I understand what your saying. Thanks for the imput I appreciaate it.


----------



## SharpBlades (Sep 13, 2009)

I dont think you would have a problem... In fact I will probably be adding on a tahoe or a reg cab short bed with a 7.5 foot blade. After Subbing/running as a backup for a couple guys this year who have small lots I think it will be more efficient on small lots than my 3/4 ton that is about 30 feet long with the salter and vee plow. 

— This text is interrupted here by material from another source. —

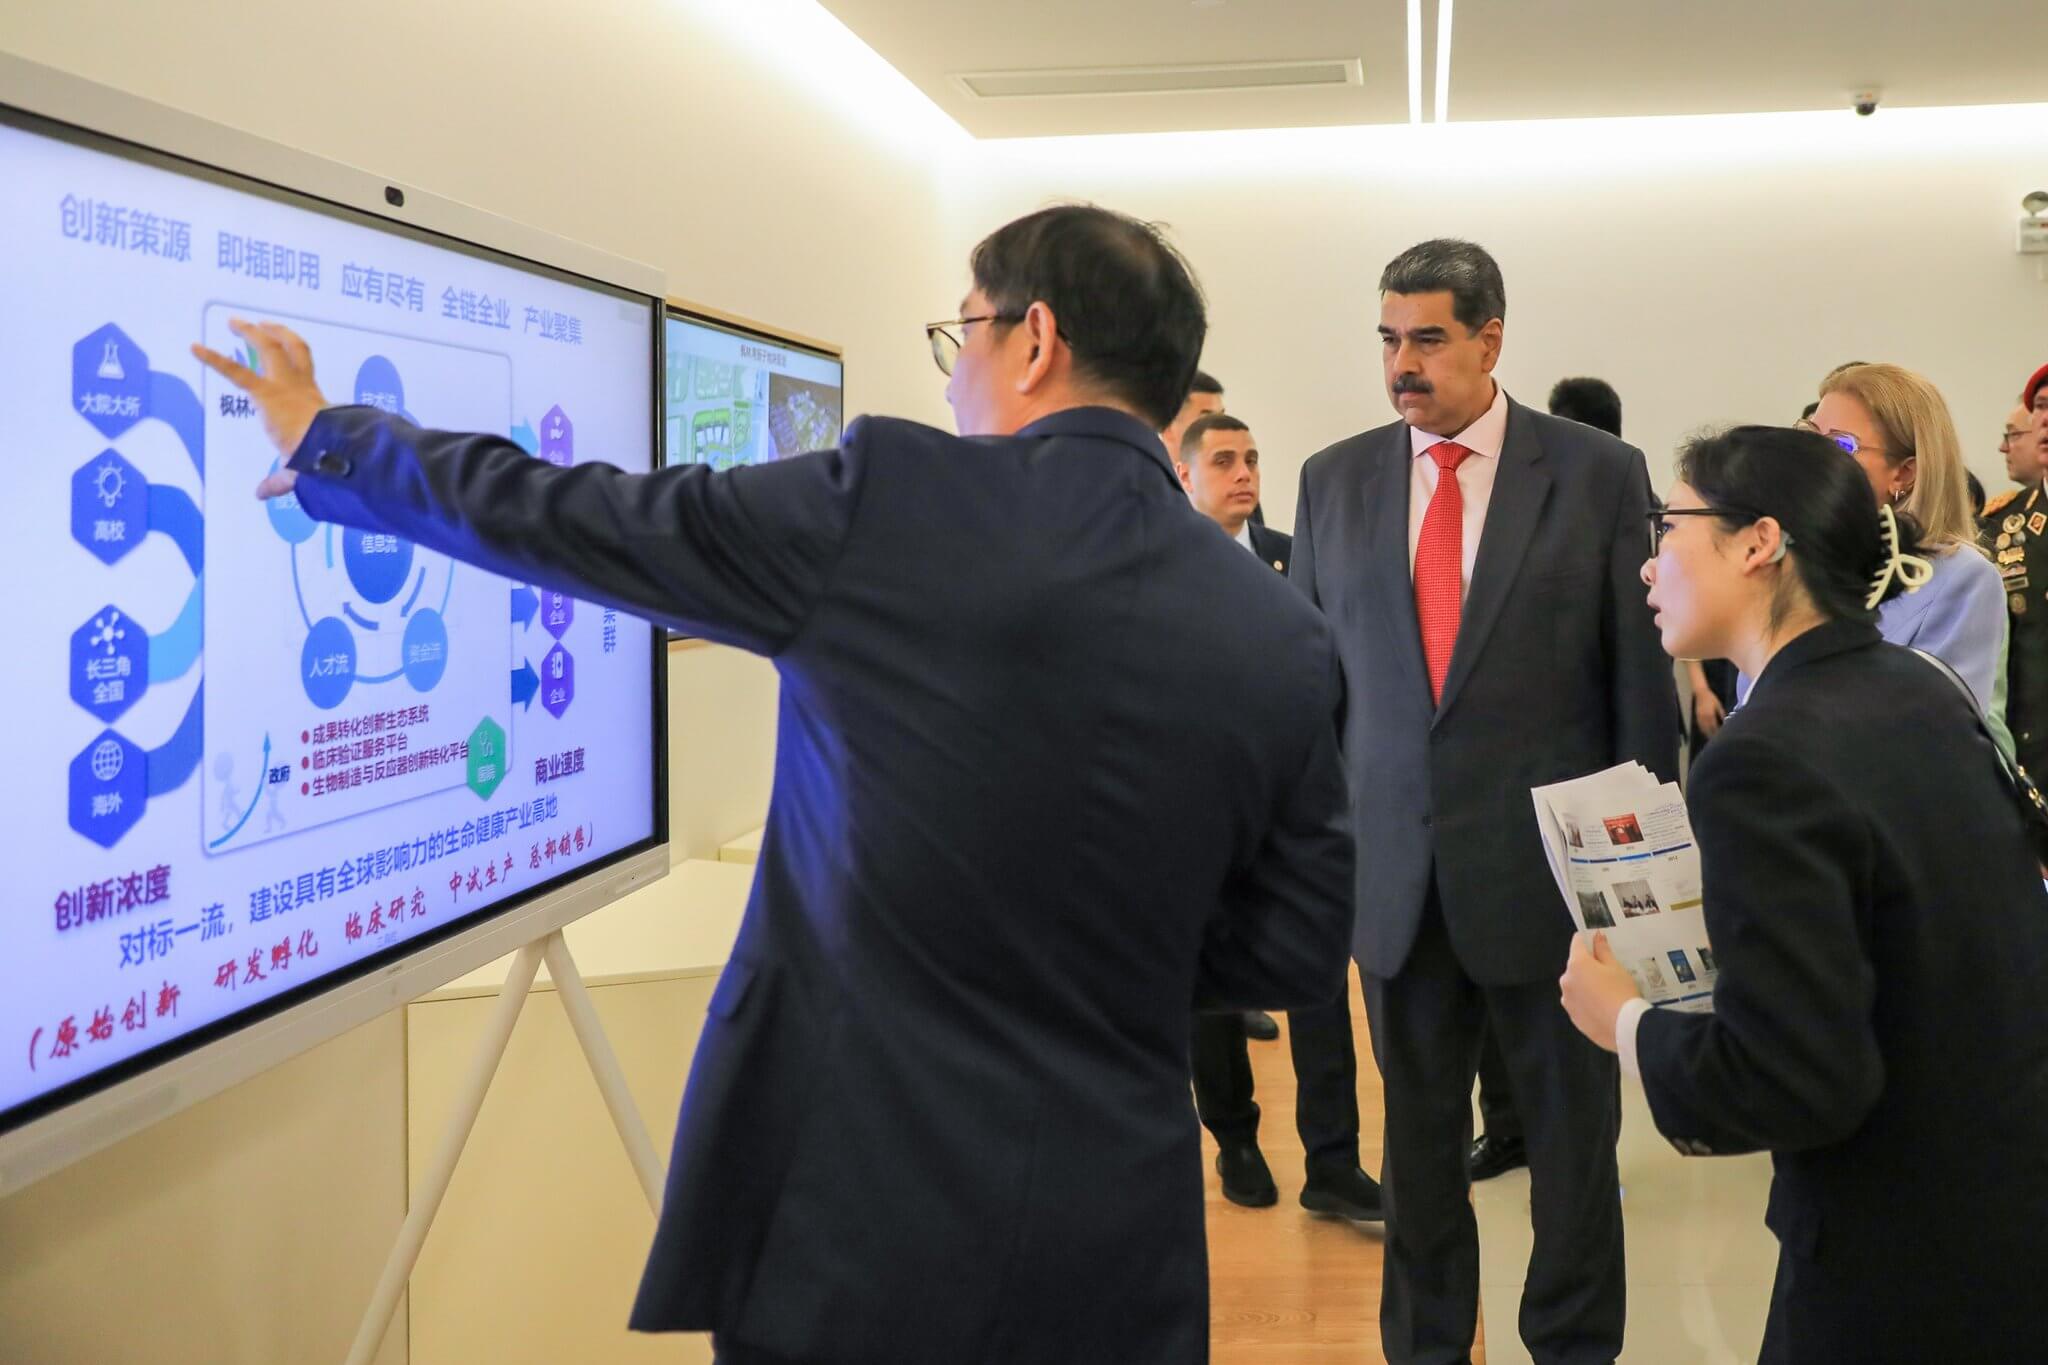 Alianza científica y tecnológica entre Venezuela y China avanza hacia el Desarrollo Sostenible
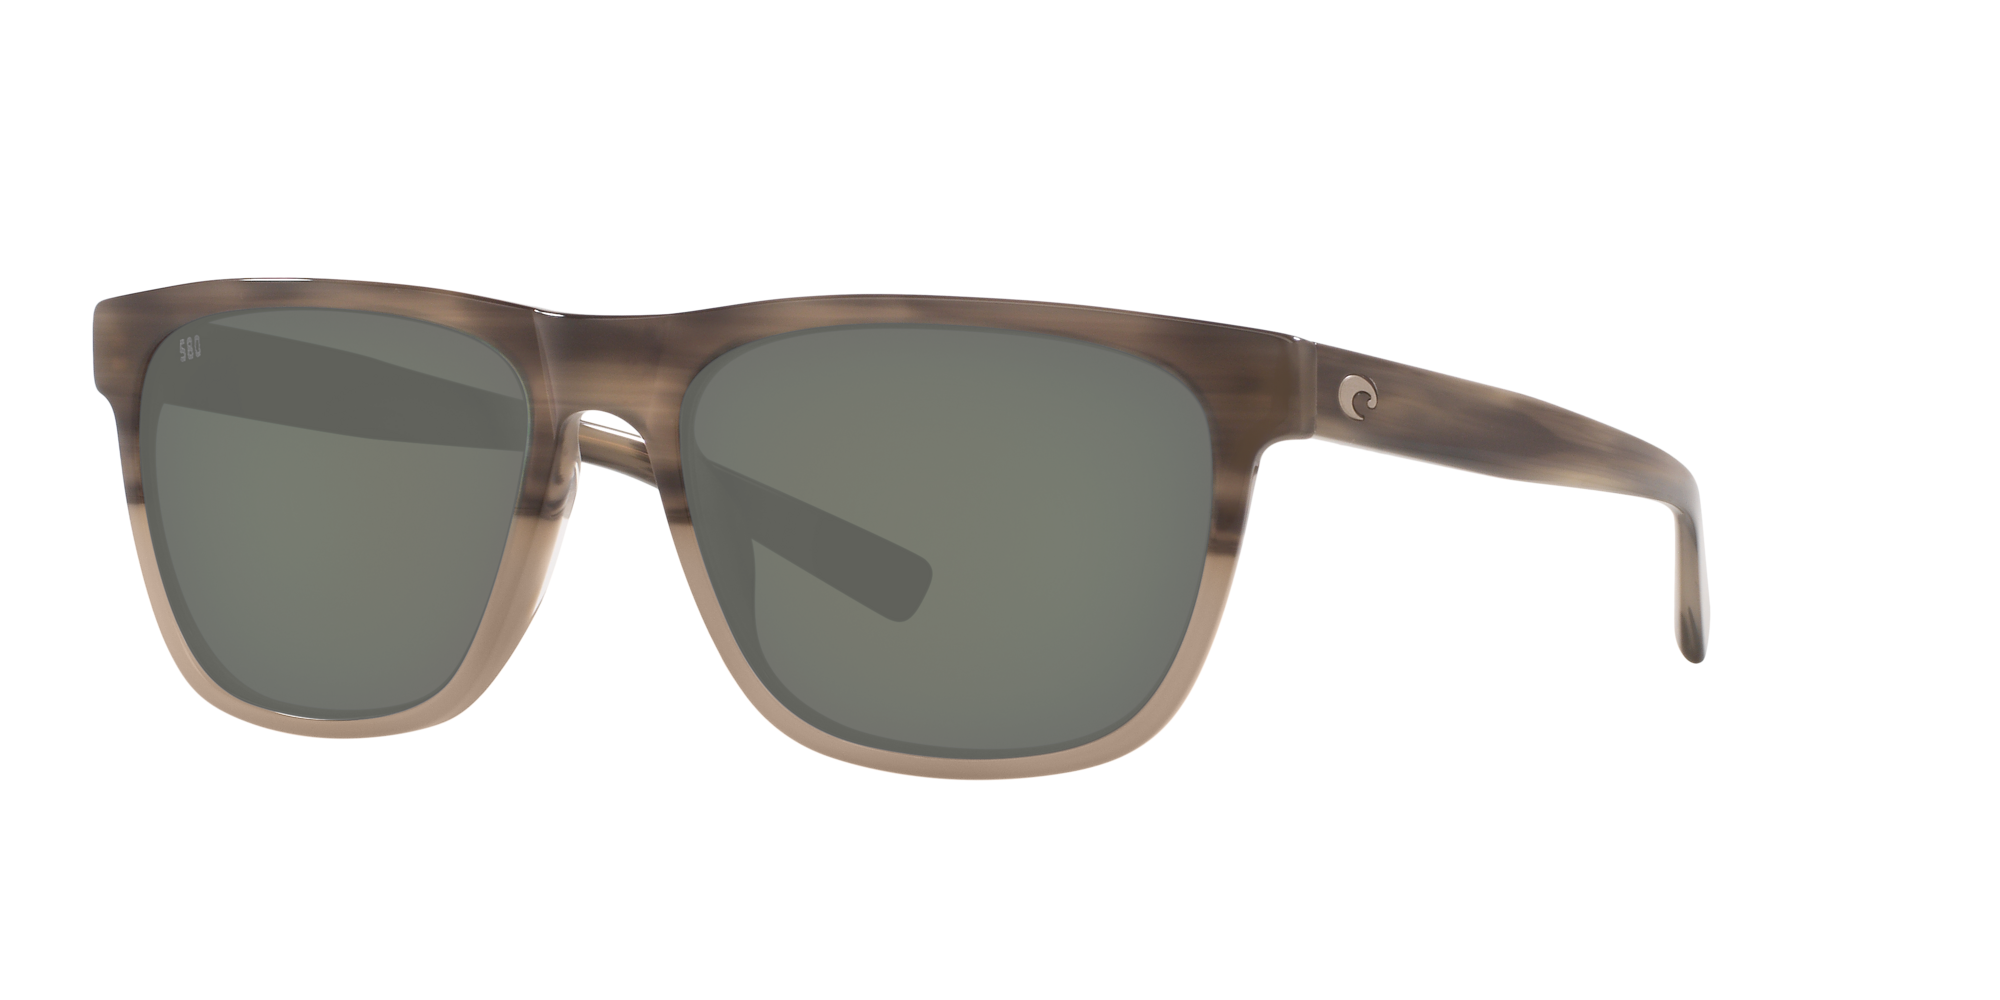 Apalach Polarized Sunglasses in Gray | Costa Del Mar®

As long as you take it easy/ don't overload the truck, and take your time, i'm sure you could carve out a real niche plowing the small 4 car - 20 car sized lots like insurance offices etc.


----------



## 7d9_z28 (Dec 3, 2010)

im 20, this is my second season plowing. last year i used a beat up 78 chevy 1/2 ton with a big @$$ plow, and this year i have a 98 chevy 1/2 with a 7'6" plow. i mostly plow friends and family, but i have a couple others who rely on me for plowing, including a commercial spot. (warehouse with a couple small businesses inside,semi truck trailer bays and all) havent had a problem yet. plan to upgrade to a 3/4 eventually, but i have no concerns with my 1/2 ton. which is essentially the same platform as the tahoe


----------



## DJ Contracting (Dec 16, 2003)

Thirteenth season with 1/2 ton trucks and still going


----------



## STIHL GUY (Sep 22, 2009)

this is my first year plowing and i have a 3/4 ton truck but plenty of people are running half ton trucks and doing just fine


----------